To elaborate, what's more important that the roof type to be installed is the roofer installing it. Everyone has their favorites. I have a few favorites that depend on the situation and there are pros and cons to each. 

I can tell you to be weary, very weary of the $500 price. That just doesn't seem like enough. 3 squares of materials for a 10 year modified bitumen roof are approximately $250, plus shingles for tie in maybe another $75. How much are you going to pay the workers? $5 an hour? C'mon. Be very careful with this contracotr, if he is even a legitimate contractor, and exercise your due dilligence with extreme caution.

Furthermore, more information about a torch down roof system and an IB roof system is needed. For example torch down can be installed to a 10 year spec or a 15 year spec or a 20 year spec? which one is it? IB, although I am not very familair, I believe has the same system ratings 10,15,20... what changes is the manner in which it is installed. A 10 year modified bitumen is a base sheet and a smooth cap sheet while a 20 year modified bitumen is a double base sheet, smooth mid ply and granulated cap. There's just too much gray area to compare apples to apples.

80 mil PVC single ply roof membrane will last a lifetime. The wood you just built will rott before the roof fails, if properly installed. I can say that while I do not install IB, I do install PVC and if I were to roof this porch with an 80 mill pvc membrane I would be in the same ball park as the other roofer, probaby slightly less but I don't know enough so am really just guessing. 
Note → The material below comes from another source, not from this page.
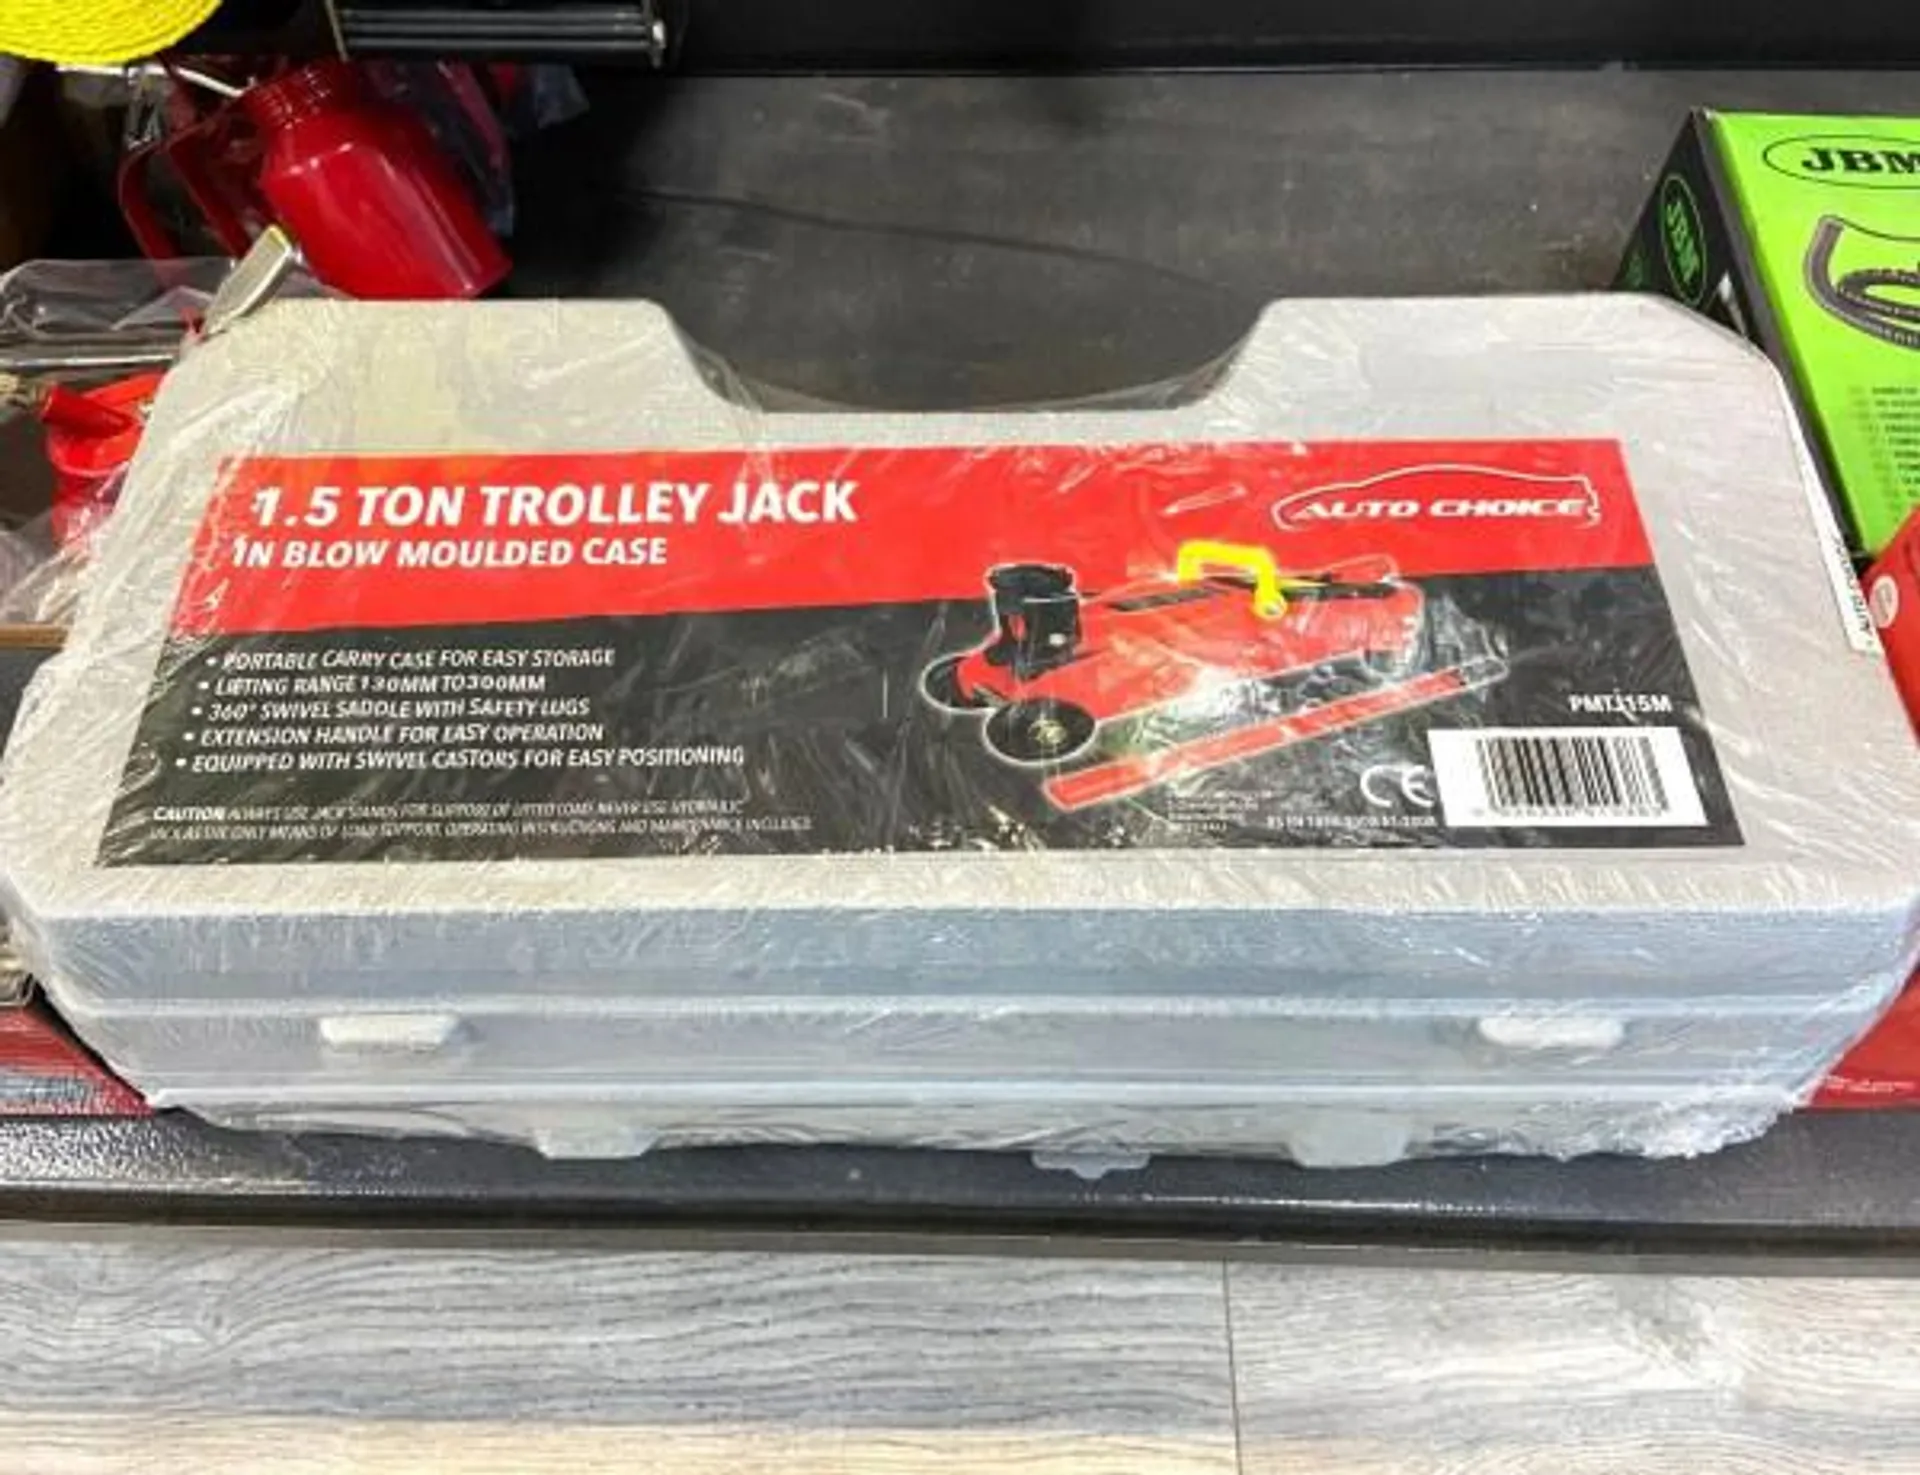 1.5 Ton Car Trolley Jack

I really like single ply roofing systems like PVC, but going back to my previous comments about every roof having its' place, I often opt for a color coordinated granulated modified bitumen roof system when it's visible on residential and especially when it ties in with a shingle roof. There is nothing wrong with a shingle to pvc tie in, but the granulated modified bitumen looks more natural when tieing in with shingles. You may consider a torch applied or a self adhering. CertainTeed makes a flintastic and a flintastic SA. Remember, how it's installed determines its' longevity. 

http://reliableamerican.us/articles/hire-your-contractor.htm some basic advice on choosing a contractor for your roofing project(s).


----------



## OldNBroken (Jun 11, 2008)

Grumpy, be mindful it's only a 1/4"/12 so it's not going to show. That aside as usual your info is very thorough and I pretty much agree. 

Preach 2, if you are looking for quality and longevity, I would seriously consider the IB system. They are one mfr that actually stands behind their warranties. Also would like to add any roofing system is only as good as the contractor installing it. In this business it really is "You get what you pay for"

Good luck


----------



## Grumpy (Dec 12, 2003)

One more thing is details details details. Any good roofer will pay attention to the details. For $500 I can't see that guy installing the proper edge metal flashings. You'd want some kind of perimiter flashing at the edges to not only protect the membrane, but to good a nice clean finished look. This is commonly called a gravel stop. 

Furthermore, what about a gutter, I'd imagine at one side the water would drain and you'd want some kind of gutter. Is this included? If so how will they terminate the gutter edge? There are several ways of doing it, not all are correct.


----------



## stuart45 (Jun 20, 2009)

Lead roofs are long lived, but are not the cheapest.


----------